Since January 2020, the COVID-19 pandemic has been reshaping human society in ways we could scarcely have imagined, a challenge to which science has responded with an efficiency and speed that has astonished the world. While 2020 saw the rapid development of the first vaccines against the new coronavirus, it was in 2021 that vaccination campaigns were rolled out and the main winners in the race against the virus emerged: RNA vaccines, developed by Pfizer-BioNTech and Moderna-NIH, have been shown to offer strong and consistent protection against the most severe symptoms and mortality. There are indications that the level of neutralising antibodies may decline over months, although the effect on protection remains to be determined. In any case, booster shots appear to provide people with sufficient immunity. However, there is still concern about the low level of access to vaccines in much of the developing world.

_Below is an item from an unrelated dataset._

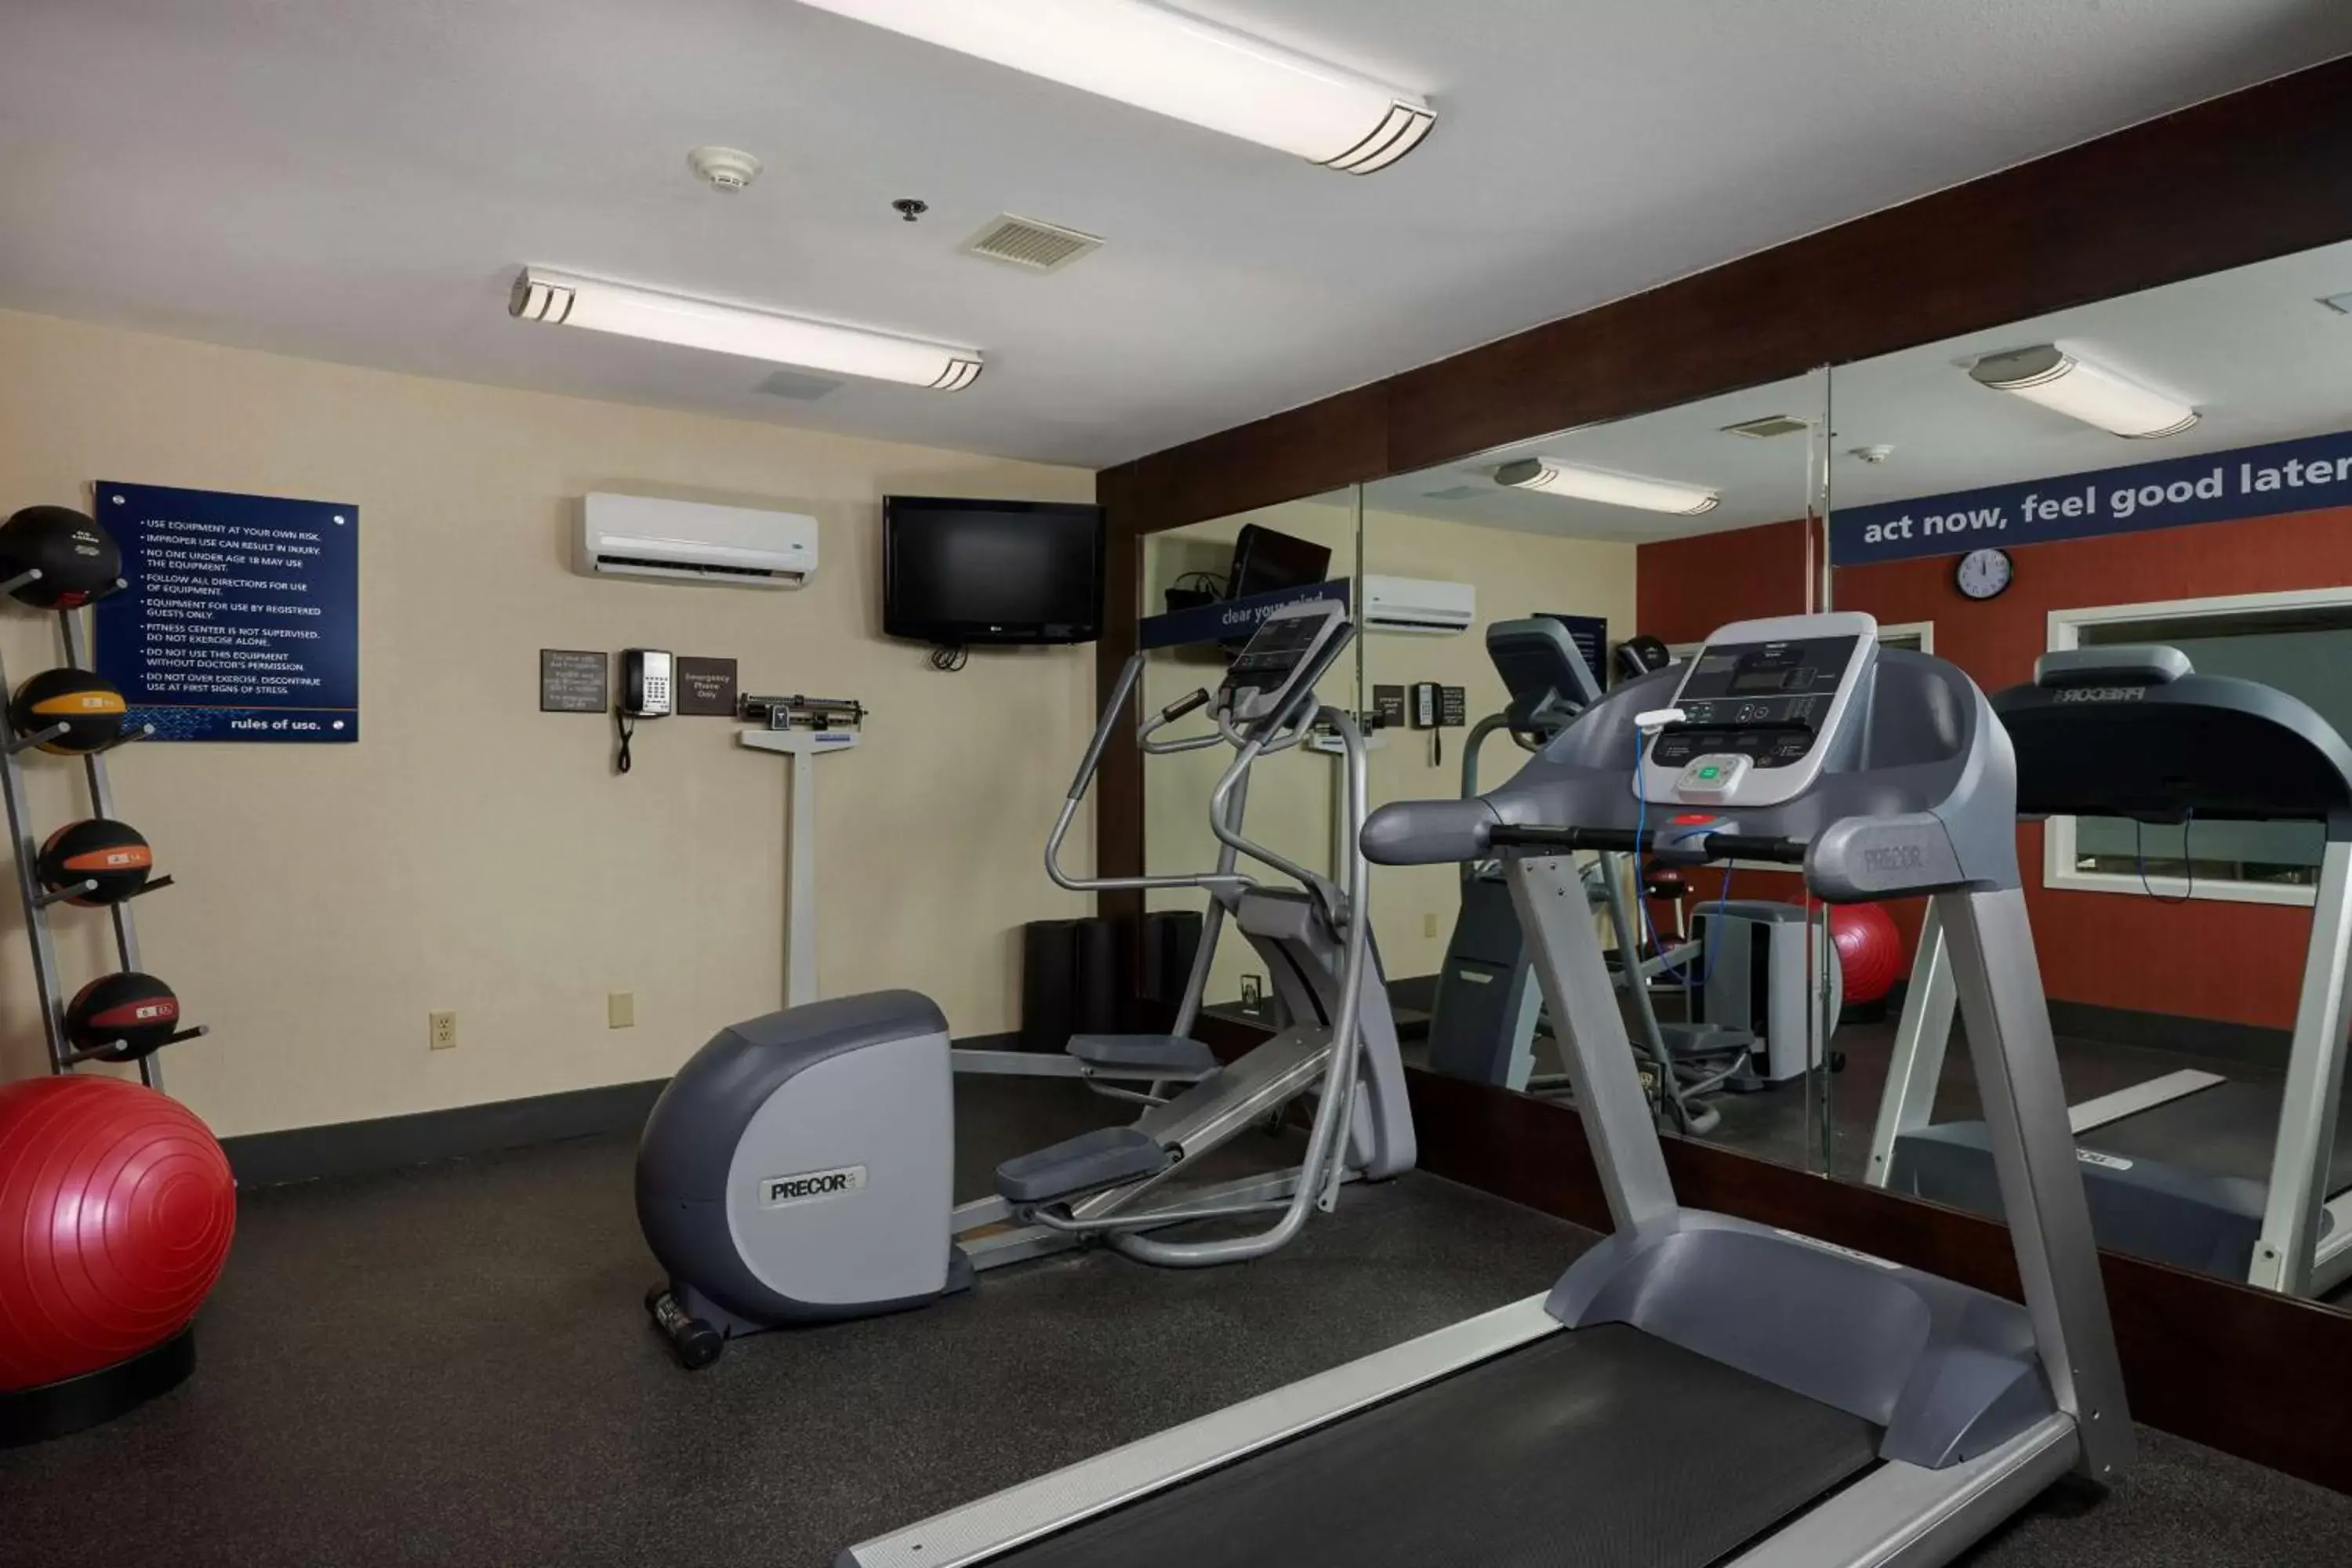 Fitness centre/facilities, Fitness Center/Facilities in Hampton Inn Alamogordo

BBVA-OpenMind-Yanes-Top ciencia 2021 - 1
The most relevant scientific milestone of the year has been the massive vaccination against COVID-19 in record time. Image: Wikimedia

…But the virus finds its way in

Thousands of variations in the genome have been found in the sequencing of the circulating SARS-CoV-2 virus, but over the course of 2021 certain variants have successively spread, characterised as either of concern or of interest. Among those of interest are Lambda and Mu, while the variants of concern include Alpha, Beta, Gamma, Delta and Omicron. Delta became so widespread that it almost completely replaced earlier lineages. And while current data support its increased infectivity and severity of symptoms, it does not appear to escape the reach of the vaccines. However, the more recent Omicron variant, which has accumulated 50 or so mutations, has sparked a wave of panic because of its ease of transmission, the possibility of reinfection and of lower vaccine efficacy, although its symptoms may be milder. Fortunately, RNA vaccines can be rapidly updated to respond to new variants.

A lukewarm climate summit

From 31 October to 12 November, the 26th United Nations Climate Change Conference, or COP26, was held in Glasgow (UK). The meeting was an important juncture in terms of deepening the commitment of countries to meet the goals set in 2015 by the Paris agreement to limit the rise in global temperature to below 2 °C. However, experts expressed doubts about the commitments to be made by nations. At the end of COP26, there were mixed reactions, but generally unfavourable assessments, with youth leader Greta Thunberg summing up the outcome as follows: “Blah, blah, blah.” The deal calls for further emission reductions—45% by 2030 compared to 2010—progress monitoring and support for developing countries, but more ambitious pledges are missing, as current commitments will result in a 2.4°C increase. Meanwhile, the Intergovernmental Panel on Climate Change (IPCC), ahead of its forthcoming sixth assessment report, warned that the planet is facing more frequent extreme weather events.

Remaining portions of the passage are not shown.